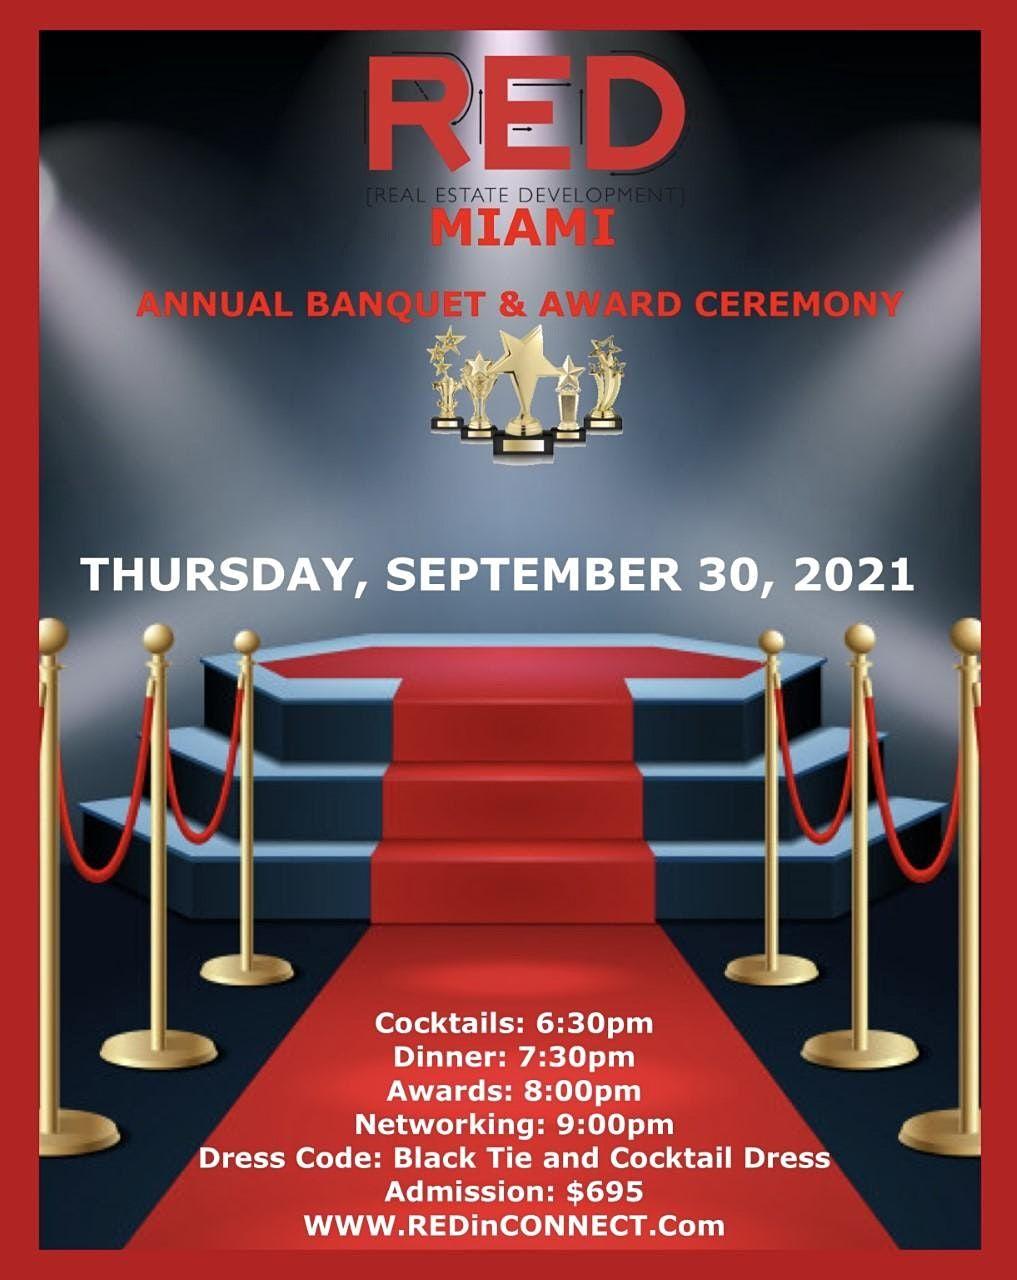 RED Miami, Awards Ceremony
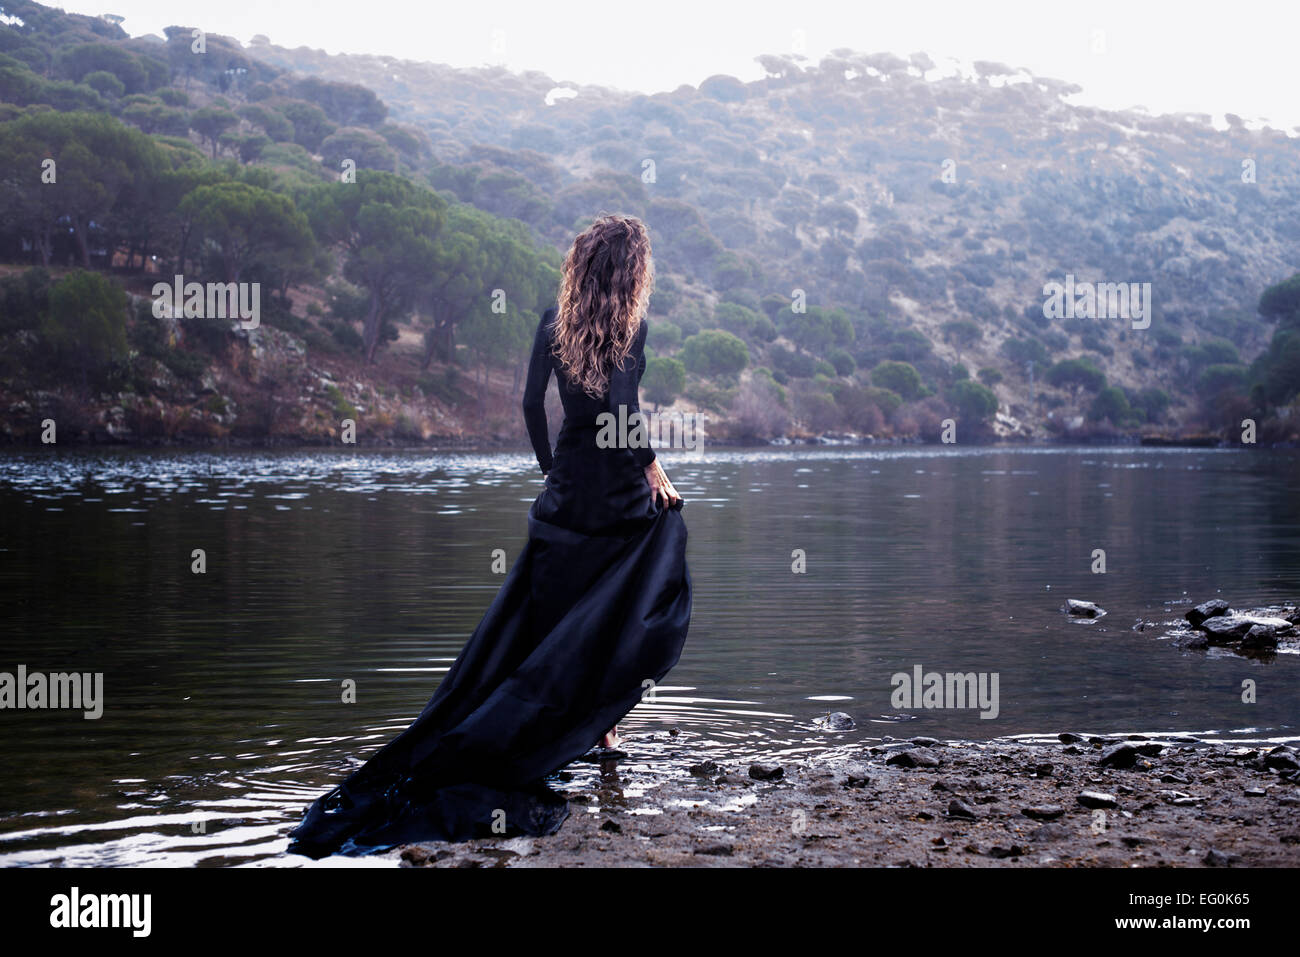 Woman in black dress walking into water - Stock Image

...

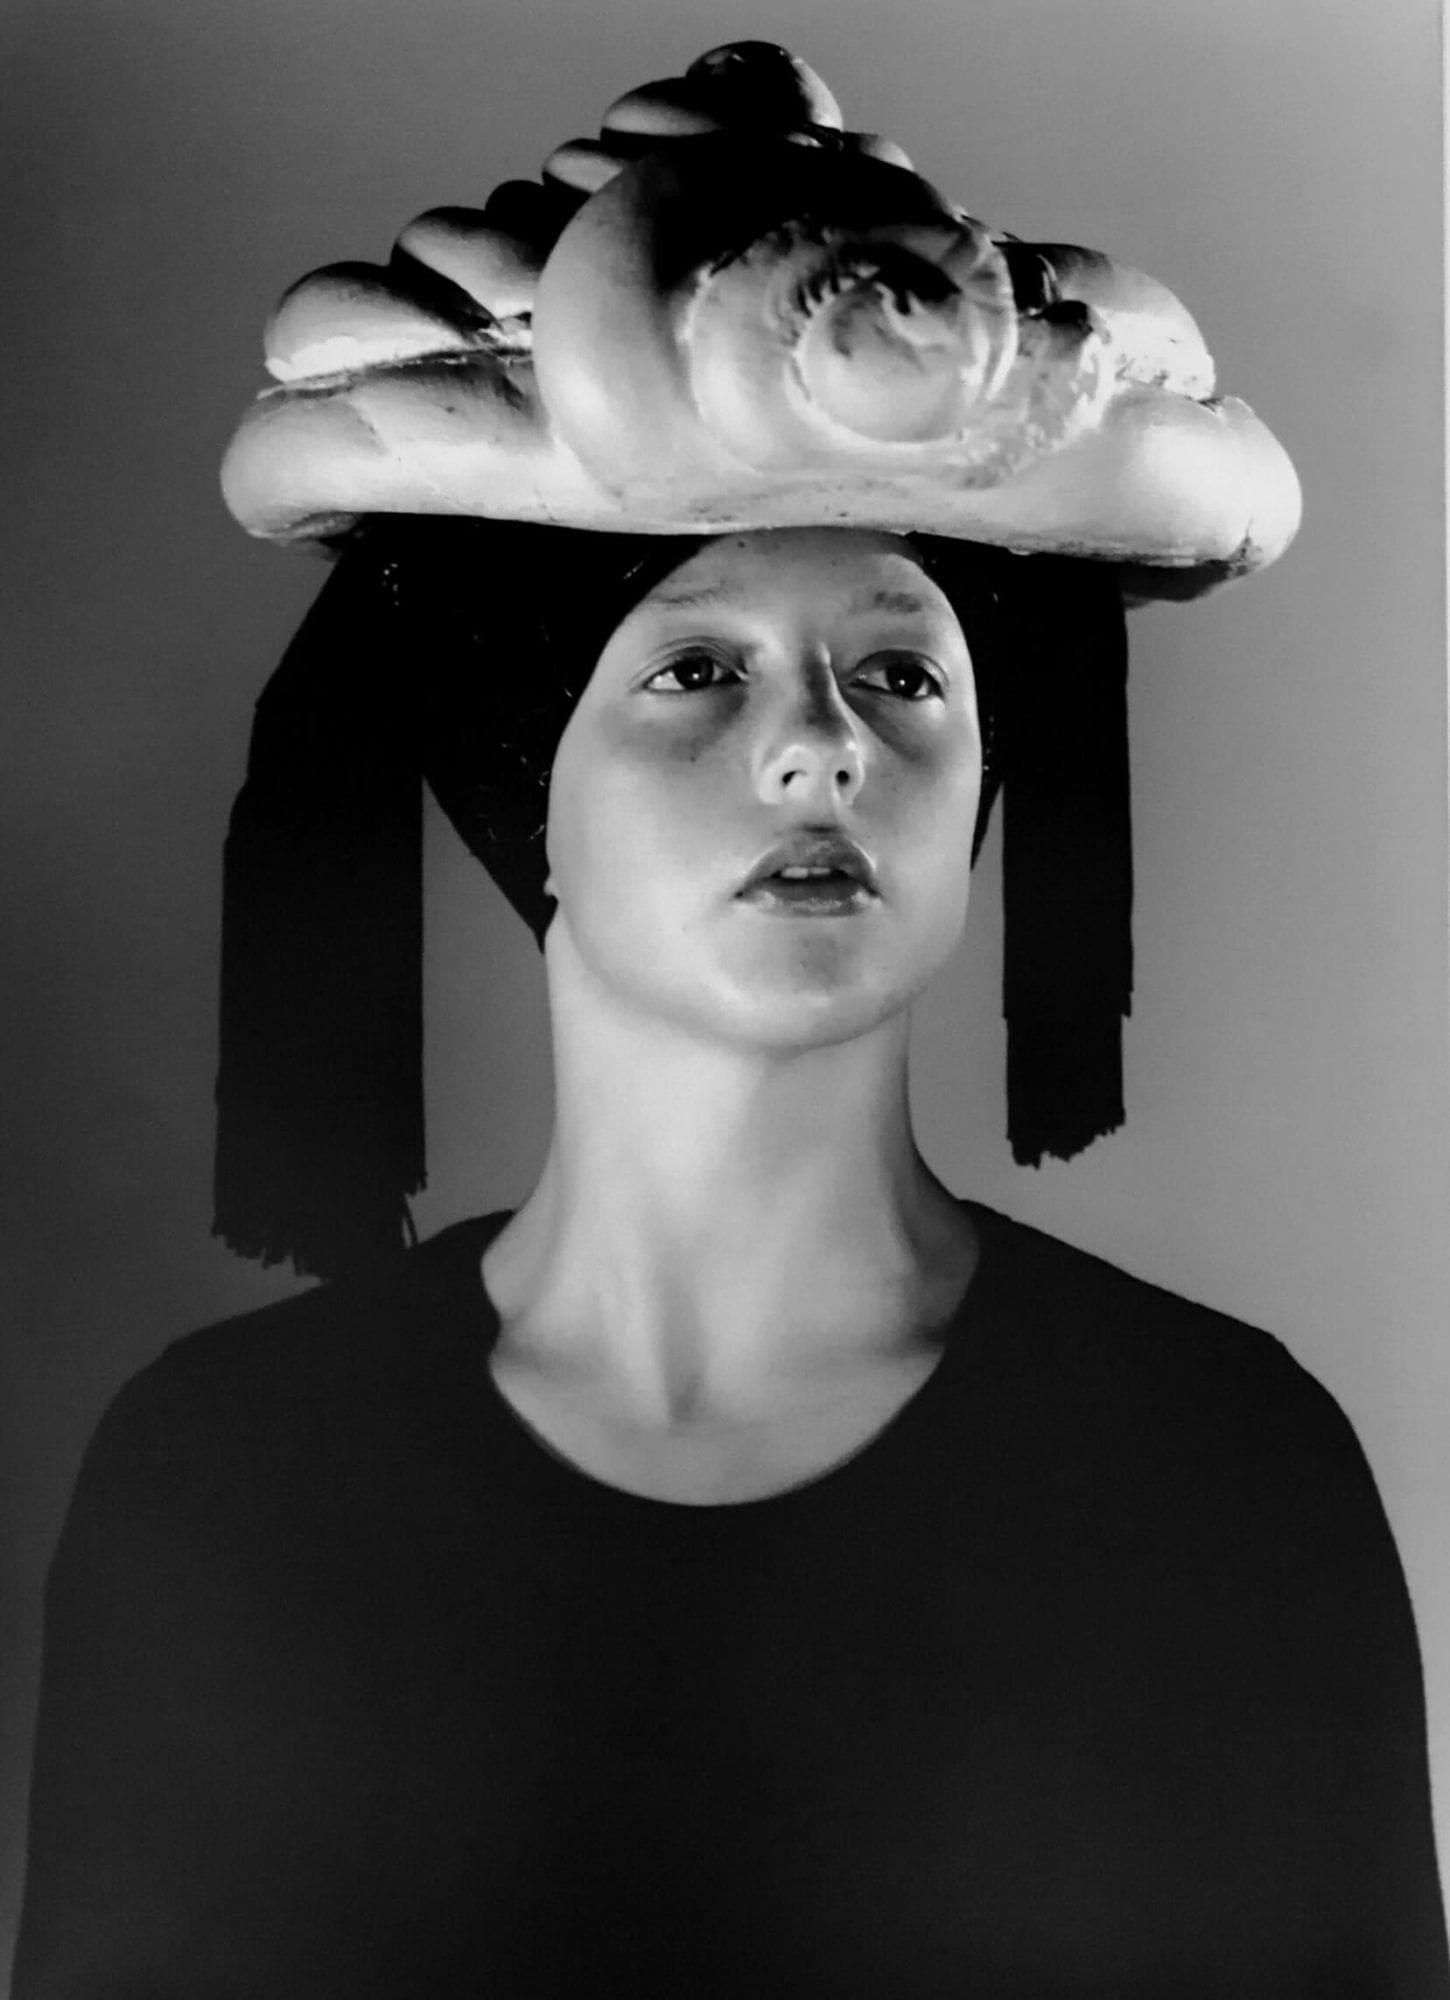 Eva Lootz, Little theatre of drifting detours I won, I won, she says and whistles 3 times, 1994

▸ Assigned task
Your copy should hold the lines from the one with "RED Miami, Awards Ceremony" up to and including the one with "Woman in black", exactly as in the data above, and no pictures.

▸ Response to the task
 RED Miami, Awards Ceremony
 Woman in black dress walking into water - Stock Image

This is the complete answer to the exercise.